WORK ORDER: Leave out any picture and return the remaining listing below exactly as given.

INFORMATION PROVIDED:
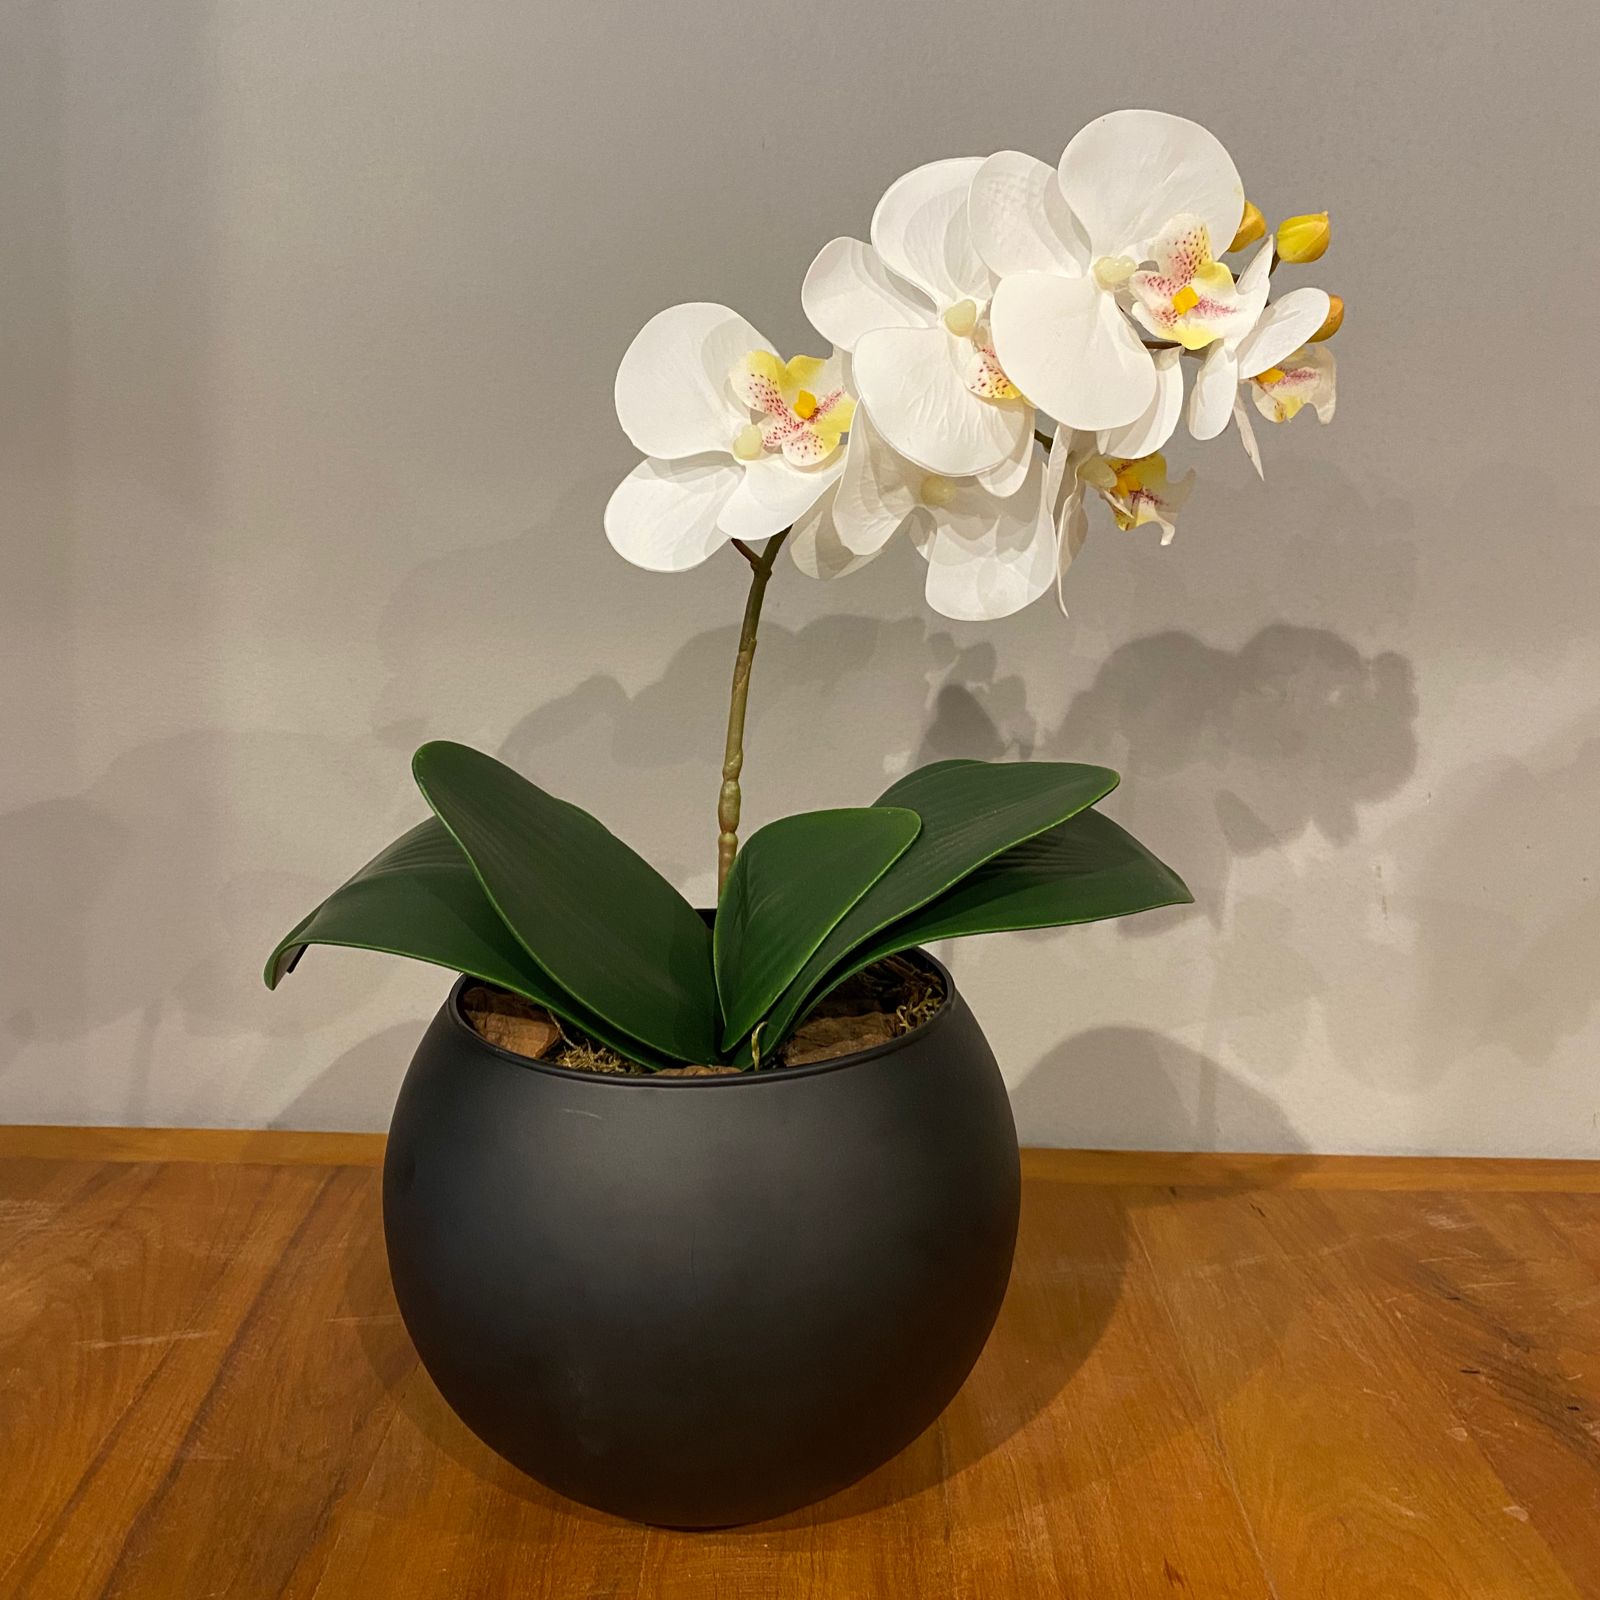 Arranjo Toque Real Centro de Mesa Orquídea Branca Artificial no Vaso Preto
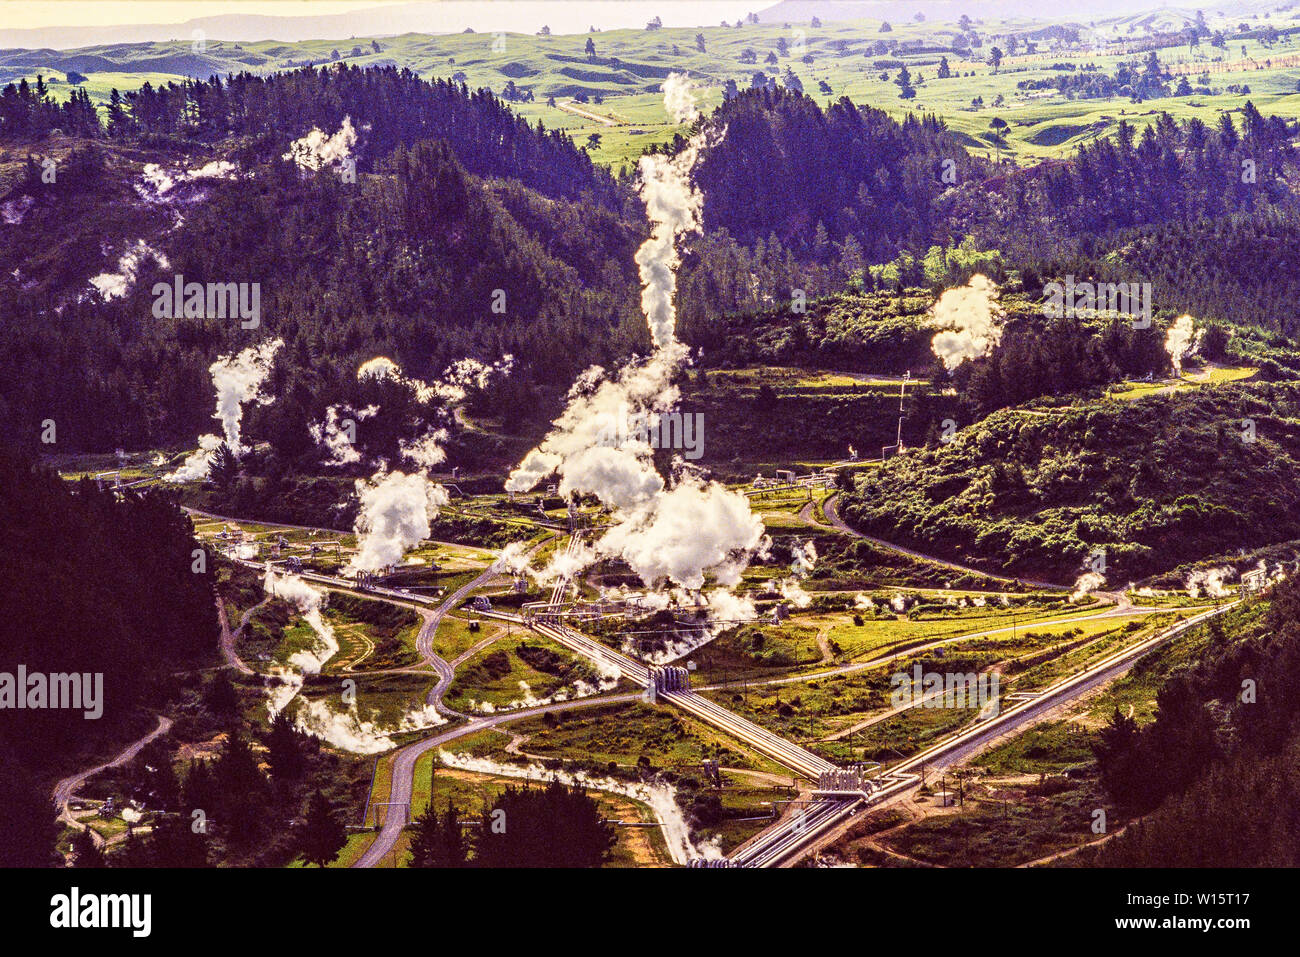 Neuseeland, Nordinsel. Das wairakei Power Station ist ein geothermisches Kraftwerk in der Nähe der Wairakei geothermische Feld in Neuseeland. Wairakei liegt i Stockfoto
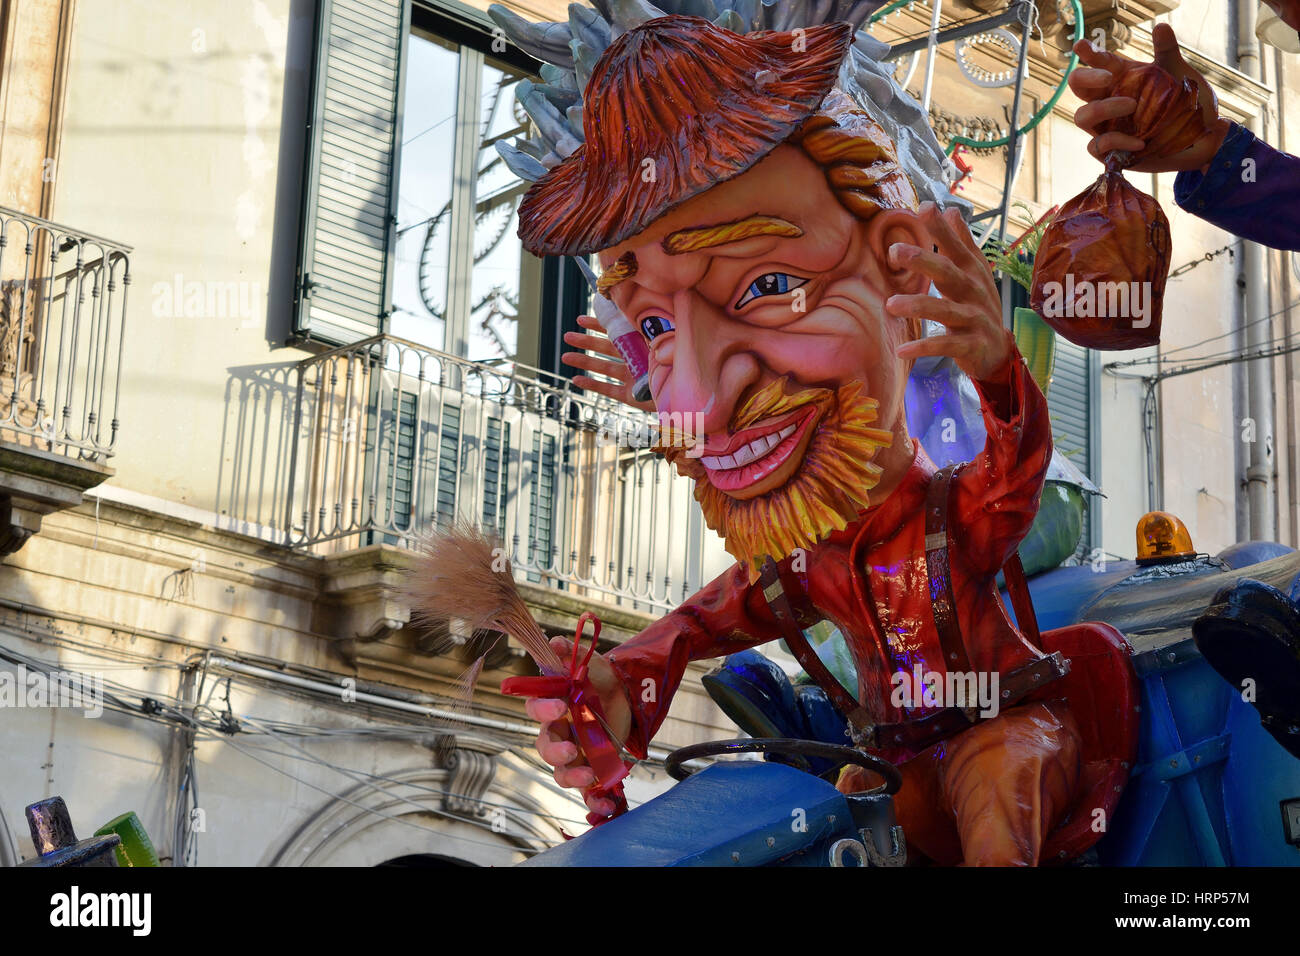 Acireale (CT), Italie - Février 28, 2017 : détail d'un char allégorique, représentant un homme avec robe et red hat, pendant le défilé du carnaval Banque D'Images

WORKED SOLUTION:
 Arranjo Toque Real Centro de Mesa Orquídea Branca Artificial no Vaso Preto
 Neuseeland, Nordinsel. Das wairakei Power Station ist ein geothermisches Kraftwerk in der Nähe der Wairakei geothermische Feld in Neuseeland. Wairakei liegt i Stockfoto
 Acireale (CT), Italie - Février 28, 2017 : détail d'un char allégorique, représentant un homme avec robe et red hat, pendant le défilé du carnaval Banque D'Images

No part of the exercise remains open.